Fine-tuning pretrained language models (PLMs) for downstream tasks is a large-scale optimization problem, in which the choice of the training algorithm critically determines how well the trained model can generalize to unseen test data, especially in the context of few-shot learning. To achieve good generalization performance and avoid overfitting, techniques such as data augmentation and pruning are often applied. However, adding these regularizations necessitates heavy tuning of the hyperparameters of optimization algorithms, such as the popular Adam optimizer. In this paper, we propose a two-stage fine-tuning method, PAC-tuning, to address this optimization challenge. First, based on PAC-Bayes training, PAC-tuning directly minimizes the PAC-Bayes generalization bound to learn proper parameter distribution. Second, PAC-tuning modifies the gradient by injecting noise with the variance learned in the first stage into the model parameters during training, resulting in a variant of perturbed gradient descent (PGD). In the past, the few-shot scenario posed difficulties for PAC-Bayes training because the PAC-Bayes bound, when applied to large models with limited training data, might not be stringent. Our experimental results across 5 GLUE benchmark tasks demonstrate that PAC-tuning successfully handles the challenges of fine-tuning tasks and outperforms strong baseline methods by a visible margin, further confirming the potential to apply PAC training for any other settings where the Adam optimizer is currently used for training.

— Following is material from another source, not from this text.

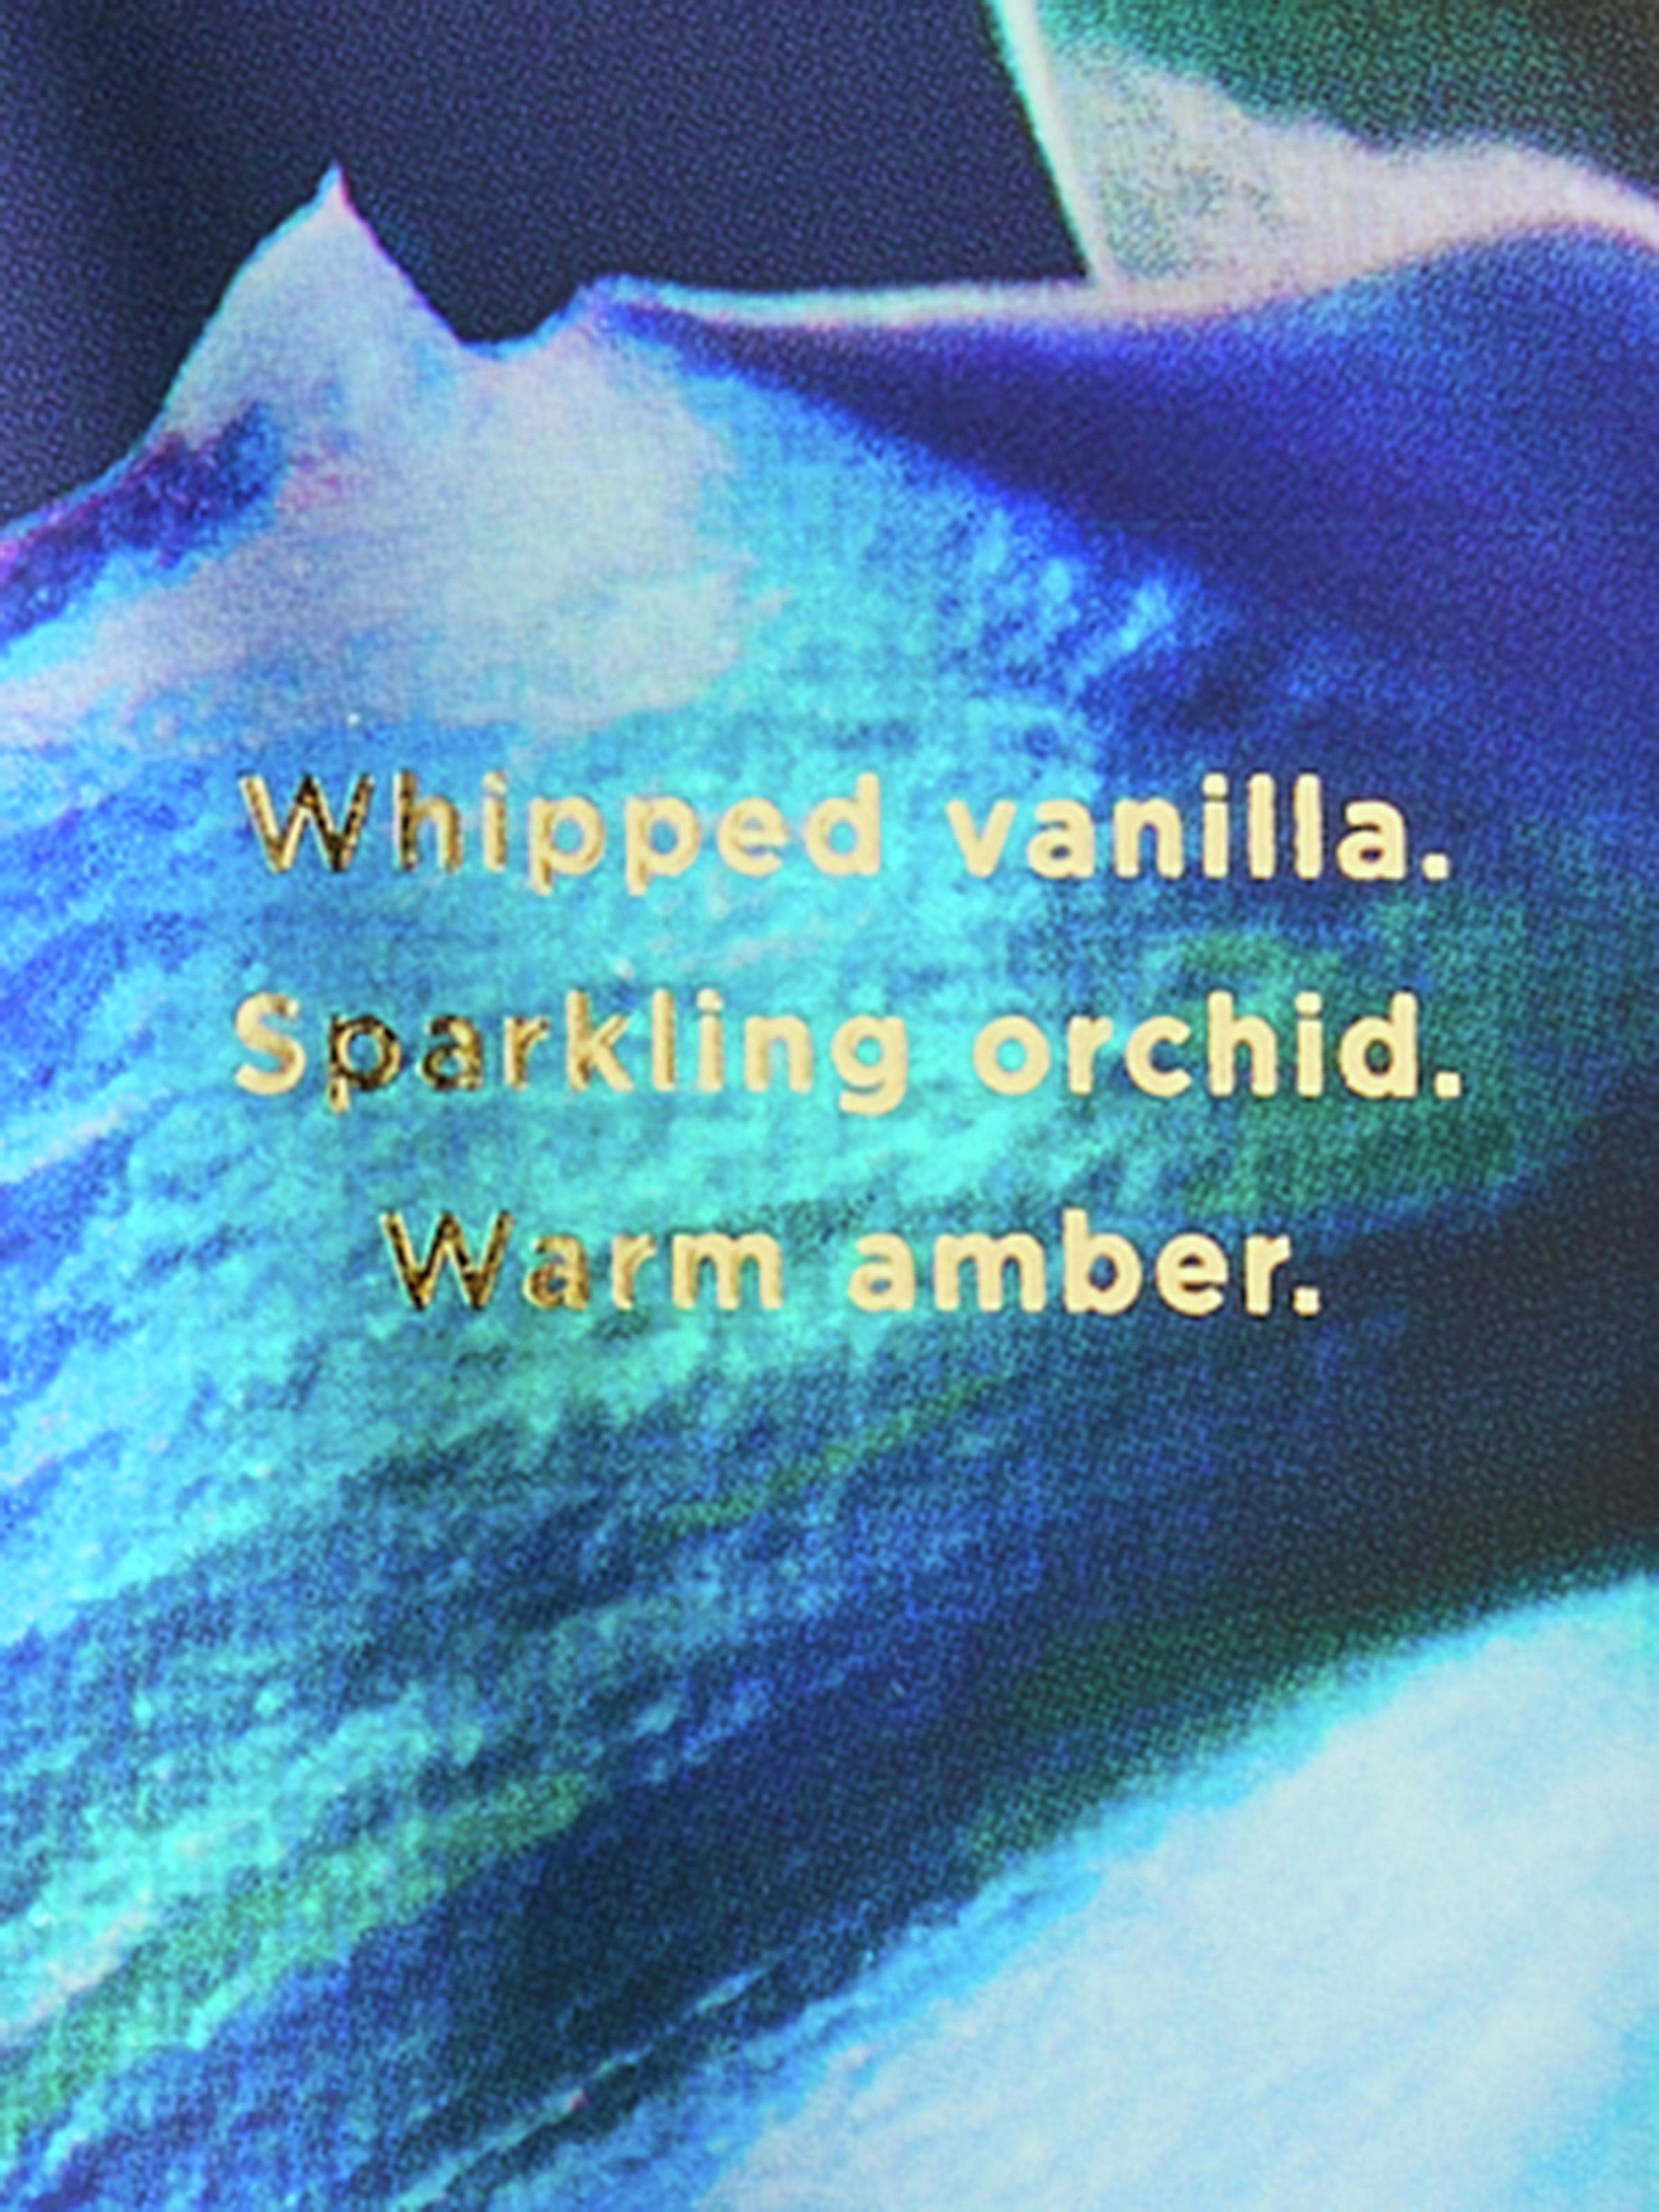 Colleción Exclusiva De Cremas Corporales Perfumadas Ramadan - Vanilla Sapphire Orchid, Description, large

翻译：微调预训练语言模型（PLMs）以适应下游任务是一个大规模优化问题，其中训练算法的选择关键决定了训练模型在未见测试数据上的泛化能力，尤其是在少样本学习场景中。为获得良好的泛化性能并避免过拟合，通常采用数据增强和剪枝等技术。然而，加入这些正则化方法需要大量调整优化算法（如流行的Adam优化器）的超参数。本文提出一种两阶段微调方法PAC-tuning来解决这一优化挑战。首先，基于PAC-Bayes训练，PAC-tuning直接最小化PAC-Bayes泛化界以学习合适的参数分布。其次，PAC-tuning通过将第一阶段学习到的方差作为噪声注入模型参数来修正梯度，从而形成扰动梯度下降（PGD）的变体。以往，少样本场景给PAC-Bayes训练带来困难，因为PAC-Bayes界在训练数据有限的大型模型上可能不够严格。我们在5个GLUE基准任务上的实验结果表明，PAC-tuning成功处理了微调任务的挑战，并以显著优势超越强基线方法，进一步证实了将PAC训练应用于当前使用Adam优化器进行训练的其他任何设置的潜力。